Osteonecrosis of the jaw in association with bisphosphonate use has been discussed at length in the medical and lay press over the past year. Previous data have suggested that the localized death of bone in the jaw has occurred predominantly in the setting of intravenous bisphosphonate use in the cancer population where it is recognized that the patients are ill, have often undergone a variety of chemotherapies for their malignancy and that the bisphosphonate medications have been used in significantly higher doses than those used in our more conventional osteoporosis population. The role of poor baseline dental hygiene has also been highlighted. While there have been reports in the literature of osteonecrosis of the jaw in the osteoporosis population both on and off bisphosphonates, these reports have been rare. As such, the recent study published online in the Journal of Rheumatology which examines the risk of developing aseptic osteonecrosis at any site in the presence of past or current use of this class of medication is of great interest.

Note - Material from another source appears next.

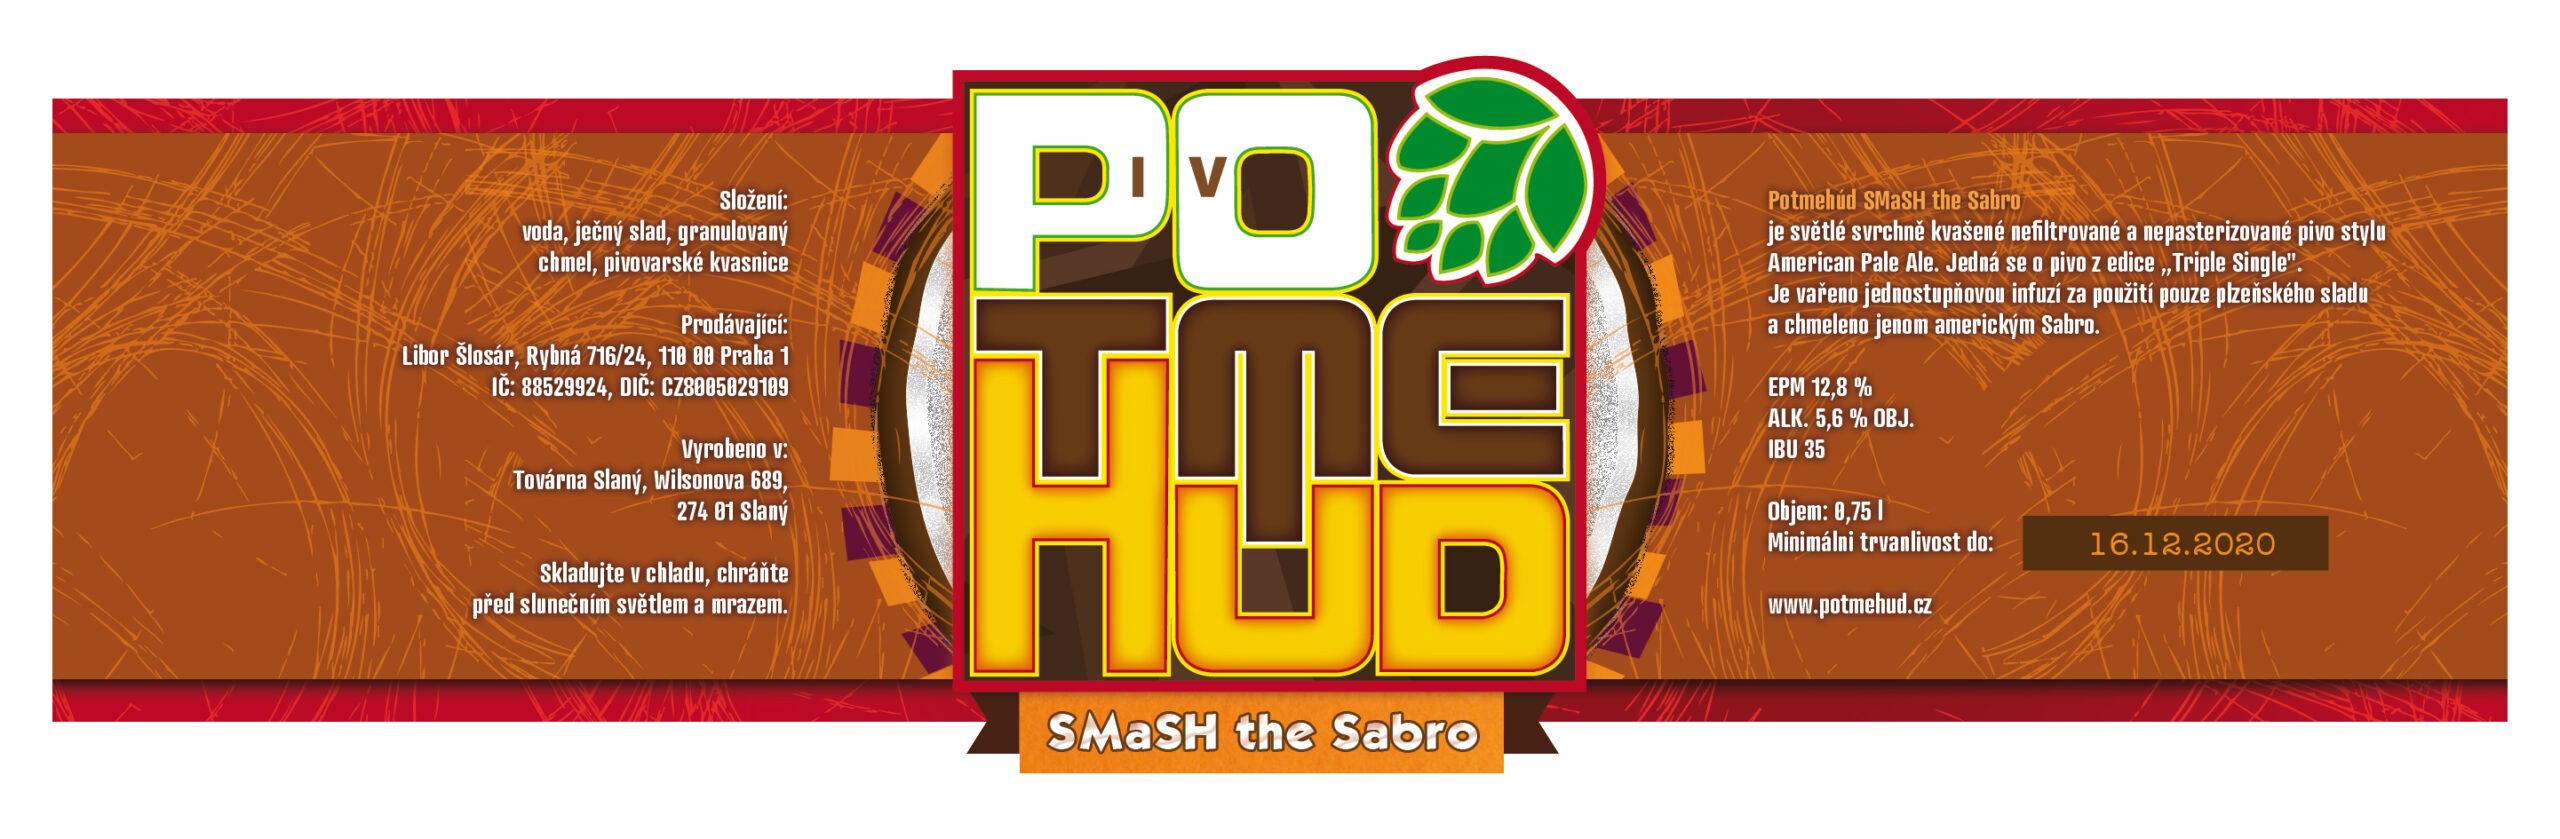 potmehud_etiketa_design_092020_SMaSHtheSabro

The recent study looks at data from administrative data bases in Quebec and selected a retrospective cohort of nearly 90,000 patients, all of whom had been hospitalized for procedure based cardiac assessment/treatment between 1995 and 2002. Within this group, the database was analyzed to determine the subset of patients for whom a diagnosis of Osteonecrosis had been made. This information was then matched to the data obtained through the provincial drug formulary records to identify which of the patients diagnosed with osteonecrosis had been/were taking oral bisphosphonate medication, specifically alendronate, etidronate or risedronate. Statistical analysis was then carried out with the conclusion that osteonecrosis at any site was approximately three times more common in those individuals who had ever or were currently taking an oral bisphosphonate medication.

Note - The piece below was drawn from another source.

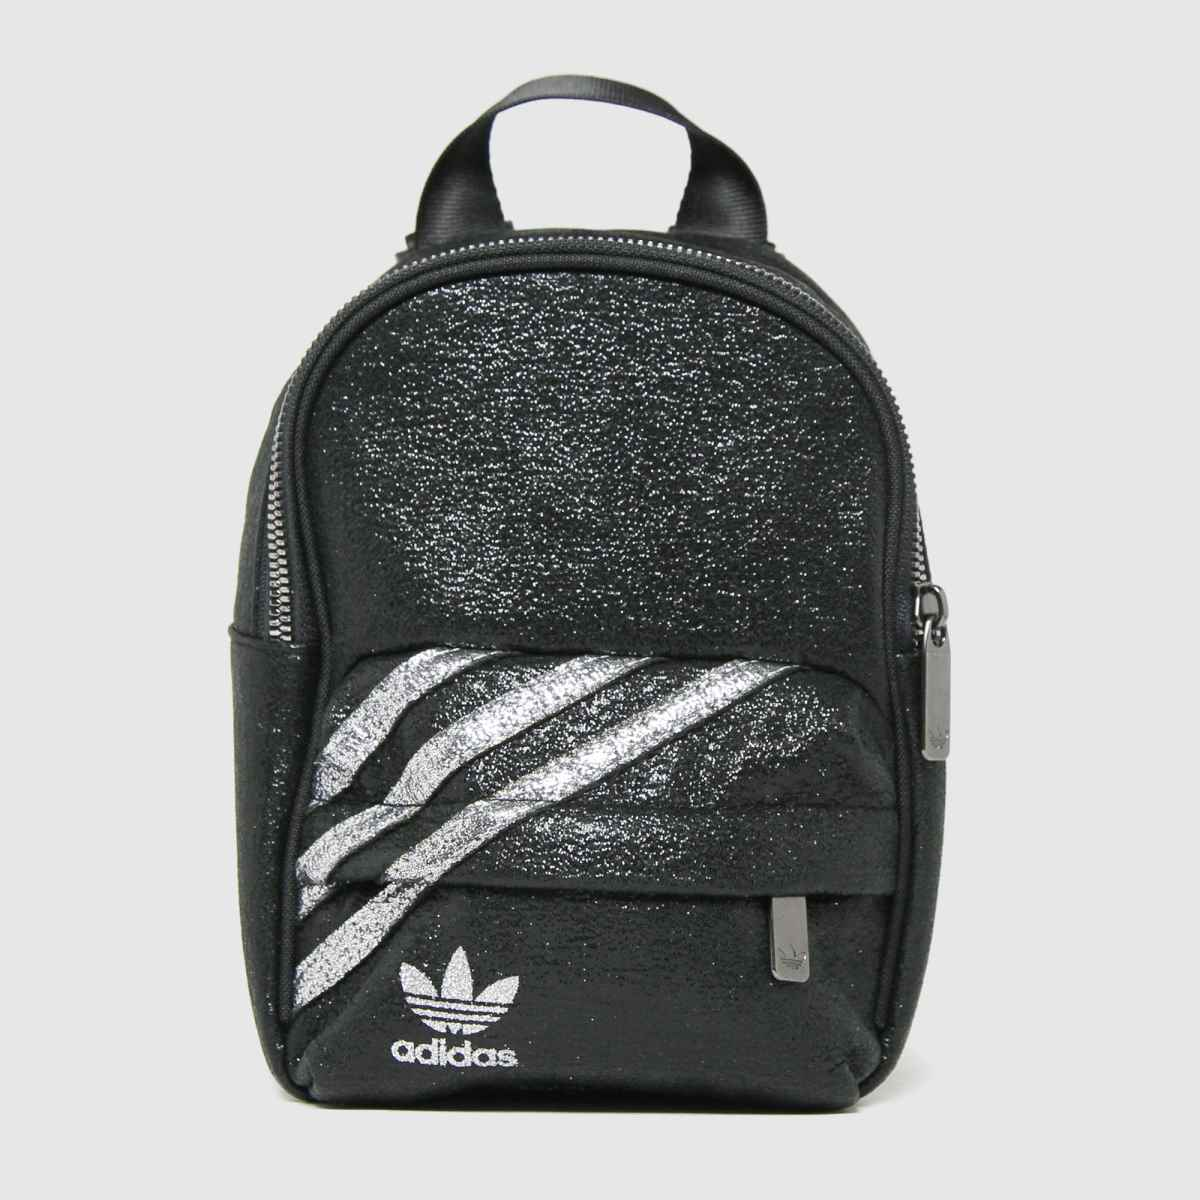 Adidas Black Bp Mini

Taken at face value, the conclusion raises concern.

The authors do list a number of important limitations in their study including lack of verification of the diagnosis of osteonecrosis – clearly important in determining the validity of their conclusion.

Additionally, the two groups had substantial and potentially important differences – aside from the presence of osteonecrosis. The authors indicate that prednisone use was higher in the target group on bisphosphonates (18% vs 5 %). Additionally, they also note that in this population of patients, the bisphosphonate taking cohort had higher co-morbidity and more malignancies. Use of corticosteroids and a number of illnesses are known etiological factors in the development of osteonecrosis so mismatches between the case and the control groups could have significant impact in the cause and occurrence of osteonecrosis and hence, substantially influence the conclusions of the study.

Finally, many methodologic and statistical concerns may be raised. For example the coding to diagnose avascular necrosis may not have been validated and the data itself was taken from a pre-existing cardiac database and used only hospital diagnostic codes which could have influenced the results positively or negatively. Avascular necrosis of the hip and osteonecrosis of the jaw could not be distinguished from the diagnostic codes. Rate ratios were adjusted for imbalances between the groups. However without seeing the unadjusted analysis, we really do not know how the joint adjusted effects of both corticosteroids and bisphosphonates may have been affected. Indeed, as has been pointed out bisphosphonate use may simply be coincidental, a matter of guilt by association.

While this study has put forward an interesting postulate, it is evident that there are major limitations in the study and the inter-relationship between osteonecrosis and bisphosphonate use remains unclear and likely, multi-factorial. More analysis of the data set particularly attempting to verify the diagnosis and type of osteonecrosis should have been attempted. The whole of this analysis depends on it! What isn’t in question is the high prevalence of low trauma fractures in our older population, the fracture-associated morbidity and mortality in this group and the significant reduction of clinical fractures with the use of bisphosphonates. In the high risk individual with osteoporosis, the known benefits of treatment frequently far outweigh the concerns that have been raised.